I quickly dispelled the thought with a shake of my head: d
on’t be ridiculous—you’re Liam Croft. There were only two things for which I was ready: winning and partying. That was all I needed.
Right?
Chapter 3
Allison
Regardless of the sport, match day is special. I was very familiar with match day excitement from my job, of course, but also from going to see one match or another with my father when I was younger. Baseball games had been a tradition for us; always sitting in the same seats and soaking up the atmosphere. It was something you could almost taste in the air, a spicy tang of anticipation, edged with nervousness and with a robust head of gung-ho confidence. There was nothing like it, and a Premiership Football match generated it to at least the equal of any other sport.
Somewhere between love and fanaticism lay the fans of English football, decked out in their team colors—scarves, hats, T shirts and even body paint proclaiming to the world who they supported, as if they weren’t already shouting loud enough for everyone within a mile radius to be left in any doubt. Though there was inevitably friction, name-calling, and even the occasional scuffle between the supporters of the opposing teams, the ugly days of hooliganism—which so plagued the sport in the eighties and got the English such a thoroughly bad reputation—were thankfully gone. The competitive animosity was simply part of the experience, part of the heady cocktail that hung in the air.

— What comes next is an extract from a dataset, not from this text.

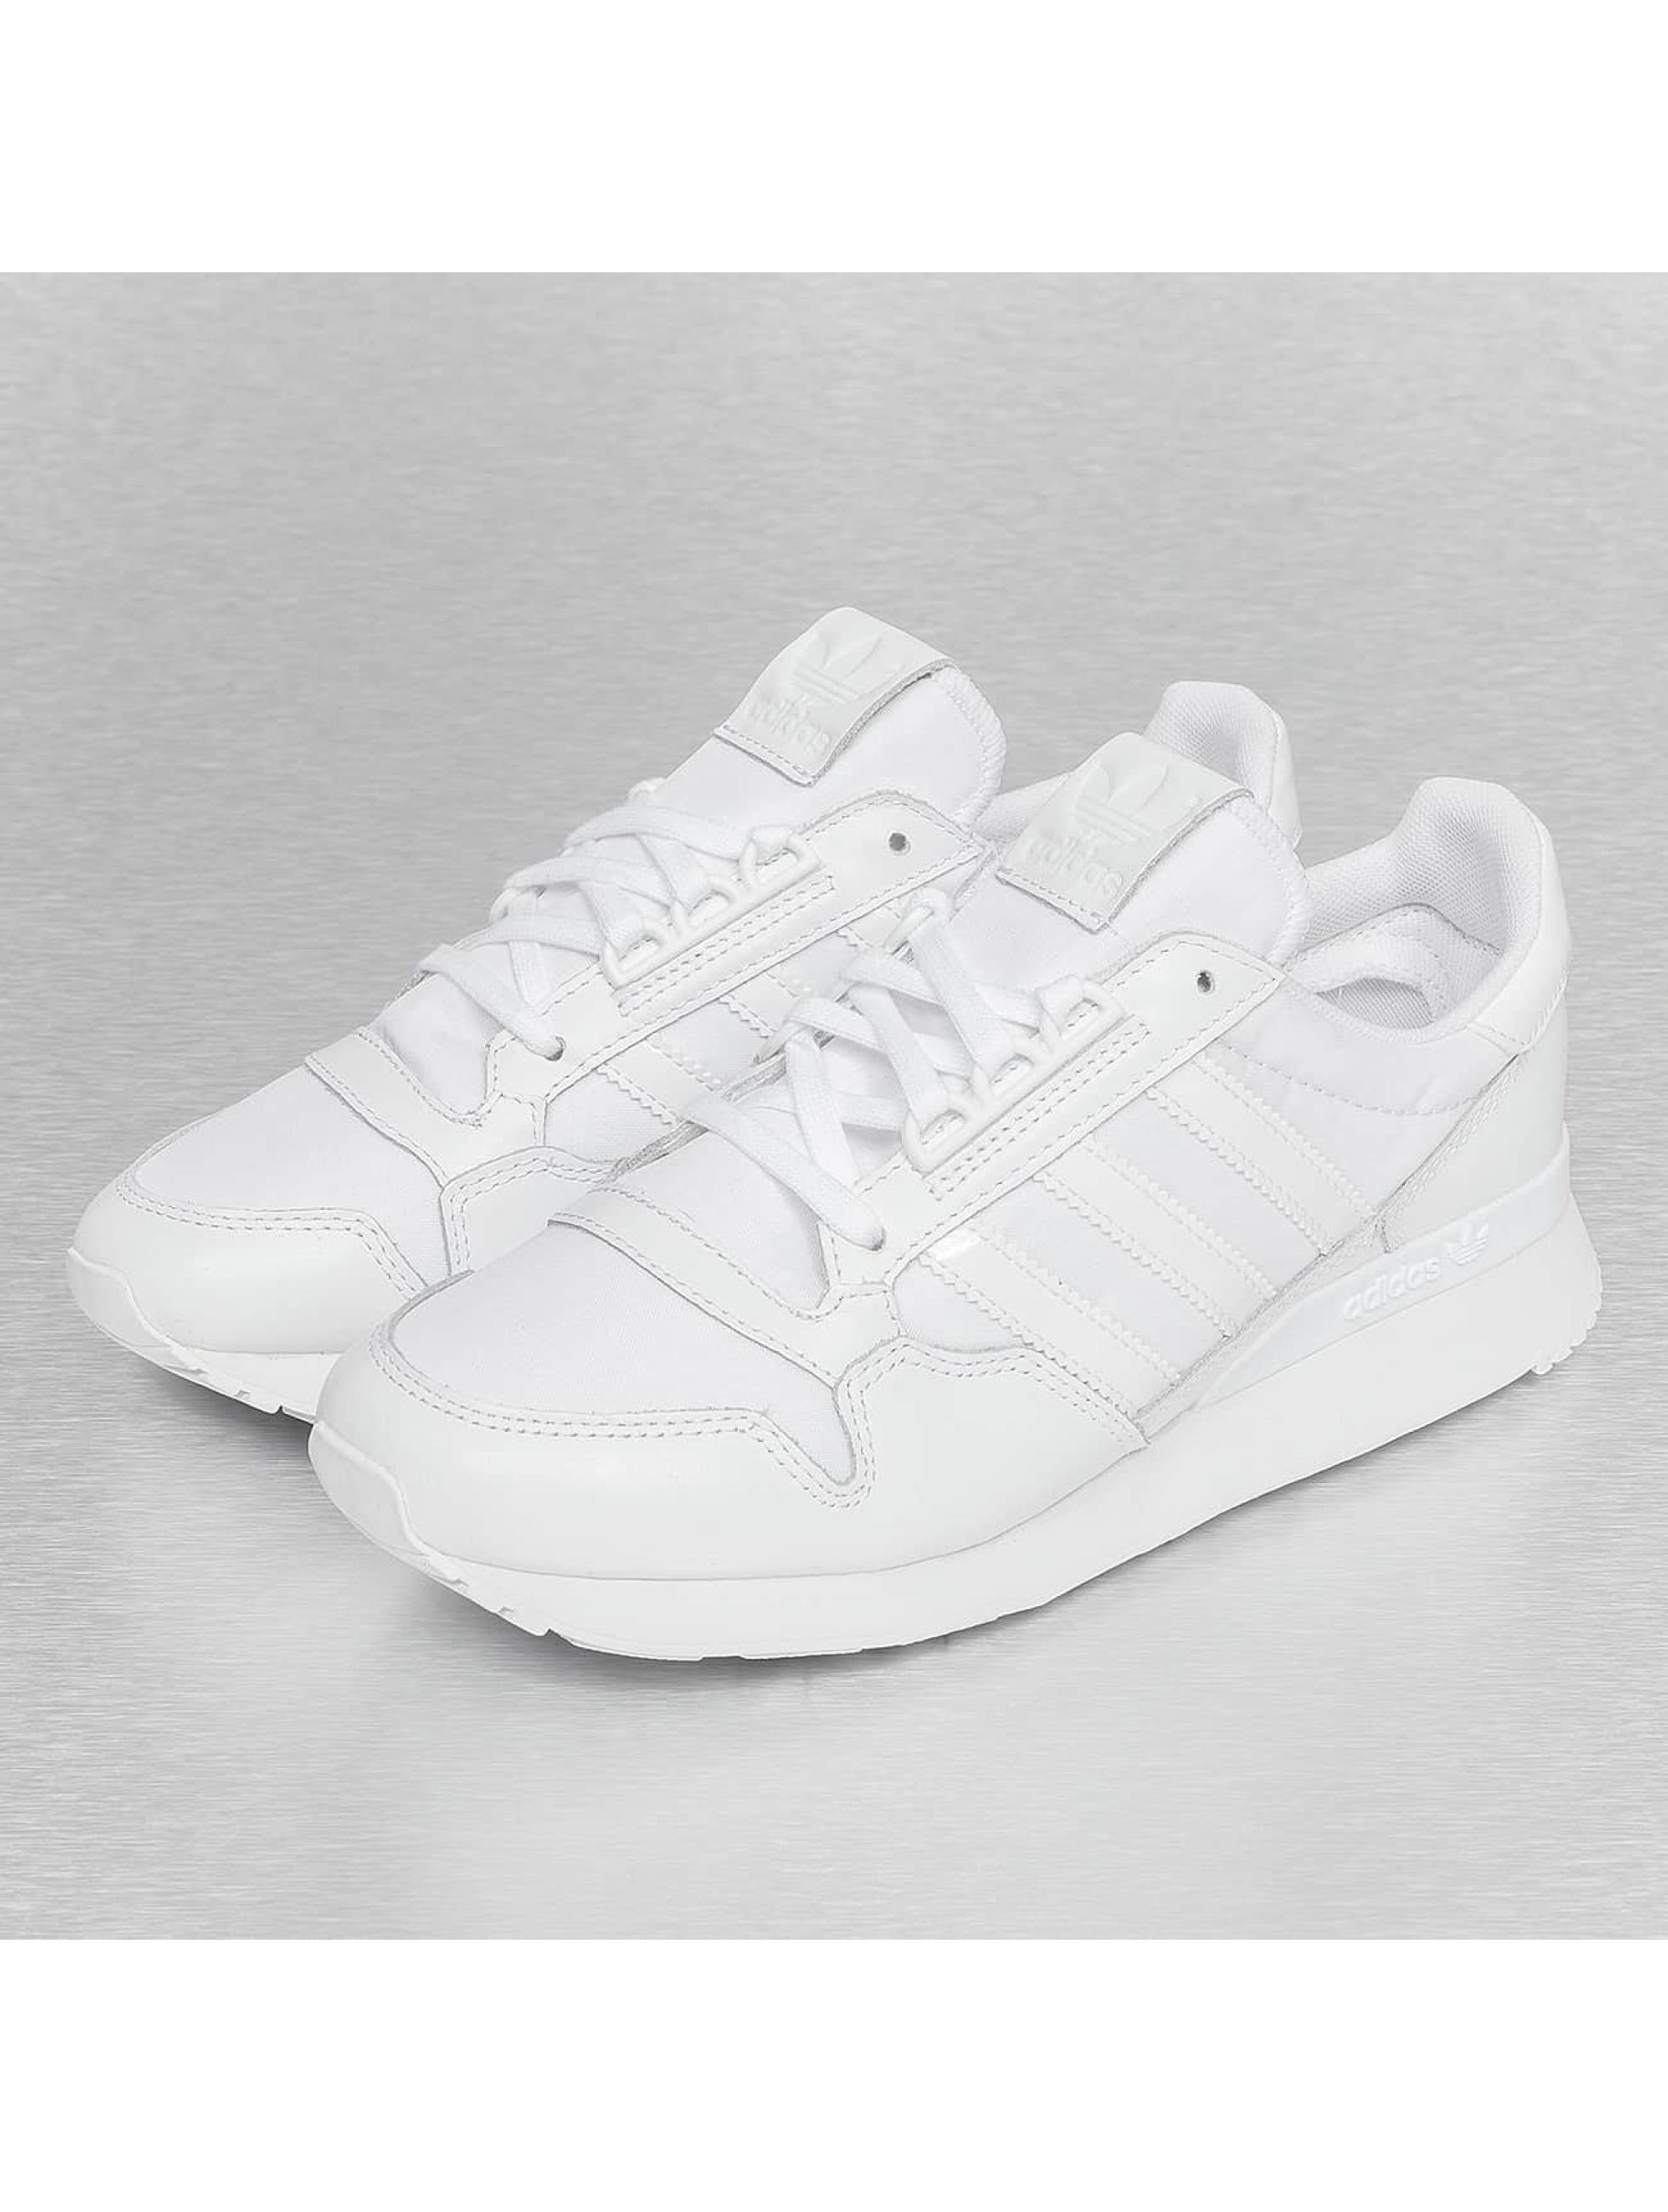 Adidas Schwarz Weiß Schuhe Damen o ton

For a while, I gazed wistfully at the entrances to the stadium through which the massed crowds poured, and I wished that I was down there with them. That would the real way in which to enjoy my first British football match: alongside the real supporters, drinking in the atmosphere and enthusiasm—the highs, the lows, the thrill and the despair. But I had a job to do, and I wasn’t even going to be able to watch the whole match.
With a parting glance towards the excited fans, I turned away and headed for the media entrance, through which a throng of reporters made their way, business-like but still eager, which I was pleased to see. I liked sports journalists who retained their enthusiasm for sport.